(Saved entries)
%%

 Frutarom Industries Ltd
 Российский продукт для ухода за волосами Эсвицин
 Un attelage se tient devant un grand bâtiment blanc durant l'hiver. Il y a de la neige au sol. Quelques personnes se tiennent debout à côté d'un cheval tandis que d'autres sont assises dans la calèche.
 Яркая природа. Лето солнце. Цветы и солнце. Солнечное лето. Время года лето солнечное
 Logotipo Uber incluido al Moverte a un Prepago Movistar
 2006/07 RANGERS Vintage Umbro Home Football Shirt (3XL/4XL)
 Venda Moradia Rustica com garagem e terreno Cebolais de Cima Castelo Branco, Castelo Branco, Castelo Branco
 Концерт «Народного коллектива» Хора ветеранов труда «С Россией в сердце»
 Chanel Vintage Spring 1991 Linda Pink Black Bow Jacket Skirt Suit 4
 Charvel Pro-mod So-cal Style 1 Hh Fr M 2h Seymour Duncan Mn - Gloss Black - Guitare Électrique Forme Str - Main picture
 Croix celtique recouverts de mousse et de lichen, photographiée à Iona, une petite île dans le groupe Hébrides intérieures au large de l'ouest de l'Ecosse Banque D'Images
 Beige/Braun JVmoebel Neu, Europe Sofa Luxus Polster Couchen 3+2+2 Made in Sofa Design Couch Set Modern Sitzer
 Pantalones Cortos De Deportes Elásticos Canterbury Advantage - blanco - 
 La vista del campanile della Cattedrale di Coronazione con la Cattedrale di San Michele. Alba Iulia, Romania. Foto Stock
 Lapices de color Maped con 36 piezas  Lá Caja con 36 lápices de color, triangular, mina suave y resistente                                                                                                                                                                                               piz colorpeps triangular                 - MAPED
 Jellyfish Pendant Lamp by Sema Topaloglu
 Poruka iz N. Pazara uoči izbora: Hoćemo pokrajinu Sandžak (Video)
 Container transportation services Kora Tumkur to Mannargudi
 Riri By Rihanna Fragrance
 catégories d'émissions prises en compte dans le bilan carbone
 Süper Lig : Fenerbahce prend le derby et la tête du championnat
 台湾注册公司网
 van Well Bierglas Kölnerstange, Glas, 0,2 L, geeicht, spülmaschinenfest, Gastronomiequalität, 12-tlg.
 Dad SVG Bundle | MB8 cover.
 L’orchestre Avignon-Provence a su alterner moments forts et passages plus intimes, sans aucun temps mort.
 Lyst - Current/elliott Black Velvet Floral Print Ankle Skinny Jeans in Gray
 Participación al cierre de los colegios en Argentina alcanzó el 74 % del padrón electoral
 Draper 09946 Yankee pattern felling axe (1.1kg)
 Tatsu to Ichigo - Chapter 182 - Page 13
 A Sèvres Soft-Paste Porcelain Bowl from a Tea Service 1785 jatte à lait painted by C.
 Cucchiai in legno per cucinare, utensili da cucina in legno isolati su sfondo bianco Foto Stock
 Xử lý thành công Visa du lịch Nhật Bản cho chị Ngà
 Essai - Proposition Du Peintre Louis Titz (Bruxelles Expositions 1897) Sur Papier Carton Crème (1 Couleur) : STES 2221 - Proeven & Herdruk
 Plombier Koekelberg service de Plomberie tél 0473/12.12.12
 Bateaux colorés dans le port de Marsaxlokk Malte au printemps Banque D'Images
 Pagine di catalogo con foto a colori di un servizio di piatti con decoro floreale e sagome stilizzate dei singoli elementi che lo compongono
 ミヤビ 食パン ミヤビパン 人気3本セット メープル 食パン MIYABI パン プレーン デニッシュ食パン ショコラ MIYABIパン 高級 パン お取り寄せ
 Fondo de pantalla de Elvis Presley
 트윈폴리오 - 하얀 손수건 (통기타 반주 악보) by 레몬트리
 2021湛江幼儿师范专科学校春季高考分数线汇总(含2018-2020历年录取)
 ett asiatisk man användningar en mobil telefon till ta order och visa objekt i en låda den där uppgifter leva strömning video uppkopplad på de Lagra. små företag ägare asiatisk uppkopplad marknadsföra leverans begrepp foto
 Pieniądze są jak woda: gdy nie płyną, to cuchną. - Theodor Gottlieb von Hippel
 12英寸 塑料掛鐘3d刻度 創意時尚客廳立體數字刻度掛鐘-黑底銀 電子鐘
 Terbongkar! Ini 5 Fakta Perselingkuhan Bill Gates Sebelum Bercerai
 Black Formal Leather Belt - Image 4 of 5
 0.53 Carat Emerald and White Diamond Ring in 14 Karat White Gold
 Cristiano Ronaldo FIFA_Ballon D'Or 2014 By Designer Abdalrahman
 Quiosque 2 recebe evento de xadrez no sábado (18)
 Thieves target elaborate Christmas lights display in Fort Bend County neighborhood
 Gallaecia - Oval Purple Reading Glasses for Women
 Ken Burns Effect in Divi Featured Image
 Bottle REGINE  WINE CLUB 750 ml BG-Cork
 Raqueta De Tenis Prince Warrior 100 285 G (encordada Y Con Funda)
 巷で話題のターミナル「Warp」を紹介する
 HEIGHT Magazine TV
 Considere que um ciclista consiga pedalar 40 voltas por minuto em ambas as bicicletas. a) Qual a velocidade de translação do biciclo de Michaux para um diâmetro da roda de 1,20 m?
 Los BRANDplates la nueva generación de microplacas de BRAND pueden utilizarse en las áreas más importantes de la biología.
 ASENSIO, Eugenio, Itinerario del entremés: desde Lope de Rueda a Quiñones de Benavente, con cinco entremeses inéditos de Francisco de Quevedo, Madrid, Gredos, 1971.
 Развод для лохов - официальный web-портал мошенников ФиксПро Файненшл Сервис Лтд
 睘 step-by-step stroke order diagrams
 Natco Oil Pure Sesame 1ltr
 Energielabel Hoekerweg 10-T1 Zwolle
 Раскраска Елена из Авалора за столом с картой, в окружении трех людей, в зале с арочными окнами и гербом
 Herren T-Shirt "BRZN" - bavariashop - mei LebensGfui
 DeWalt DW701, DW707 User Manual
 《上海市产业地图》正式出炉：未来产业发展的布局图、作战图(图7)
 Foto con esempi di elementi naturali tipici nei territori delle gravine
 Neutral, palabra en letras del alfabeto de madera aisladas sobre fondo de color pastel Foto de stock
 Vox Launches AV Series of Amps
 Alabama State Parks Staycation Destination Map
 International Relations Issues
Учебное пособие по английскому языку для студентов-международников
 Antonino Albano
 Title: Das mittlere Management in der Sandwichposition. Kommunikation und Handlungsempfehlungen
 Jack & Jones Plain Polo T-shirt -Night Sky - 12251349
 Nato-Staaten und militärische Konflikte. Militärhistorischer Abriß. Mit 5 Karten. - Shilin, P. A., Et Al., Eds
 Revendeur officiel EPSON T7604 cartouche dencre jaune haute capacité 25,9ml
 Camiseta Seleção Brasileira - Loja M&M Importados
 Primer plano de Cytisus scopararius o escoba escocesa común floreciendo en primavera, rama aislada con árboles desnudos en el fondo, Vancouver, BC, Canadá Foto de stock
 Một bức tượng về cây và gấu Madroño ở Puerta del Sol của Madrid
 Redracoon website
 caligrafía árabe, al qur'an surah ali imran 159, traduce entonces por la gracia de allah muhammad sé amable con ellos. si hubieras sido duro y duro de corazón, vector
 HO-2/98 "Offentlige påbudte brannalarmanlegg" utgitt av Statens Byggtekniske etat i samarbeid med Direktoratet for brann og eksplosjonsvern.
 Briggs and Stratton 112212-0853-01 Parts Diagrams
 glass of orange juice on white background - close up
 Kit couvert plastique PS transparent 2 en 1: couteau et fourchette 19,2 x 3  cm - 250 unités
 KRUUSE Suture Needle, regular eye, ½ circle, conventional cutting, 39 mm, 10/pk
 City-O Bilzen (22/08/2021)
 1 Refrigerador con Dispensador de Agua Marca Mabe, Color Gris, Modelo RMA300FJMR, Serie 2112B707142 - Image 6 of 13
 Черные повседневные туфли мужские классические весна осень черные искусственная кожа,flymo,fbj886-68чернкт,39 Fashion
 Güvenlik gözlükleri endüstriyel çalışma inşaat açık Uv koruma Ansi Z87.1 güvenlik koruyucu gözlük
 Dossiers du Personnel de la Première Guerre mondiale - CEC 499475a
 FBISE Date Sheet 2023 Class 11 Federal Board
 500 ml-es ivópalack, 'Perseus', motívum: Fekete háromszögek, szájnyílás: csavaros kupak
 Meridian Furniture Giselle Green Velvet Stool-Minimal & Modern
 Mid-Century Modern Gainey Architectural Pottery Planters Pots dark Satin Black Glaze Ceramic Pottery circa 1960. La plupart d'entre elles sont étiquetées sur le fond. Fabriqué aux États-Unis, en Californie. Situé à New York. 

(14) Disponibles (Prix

%%

#### INSTRUCTIONS TO FOLLOW:
The first line of the records begins the span, and the line containing "Яркая природа. Лето" ends it. Reproduce that span exactly, both ends included.

#### EXERCISE RESPONSE:
 Frutarom Industries Ltd
 Российский продукт для ухода за волосами Эсвицин
 Un attelage se tient devant un grand bâtiment blanc durant l'hiver. Il y a de la neige au sol. Quelques personnes se tiennent debout à côté d'un cheval tandis que d'autres sont assises dans la calèche.
 Яркая природа. Лето солнце. Цветы и солнце. Солнечное лето. Время года лето солнечное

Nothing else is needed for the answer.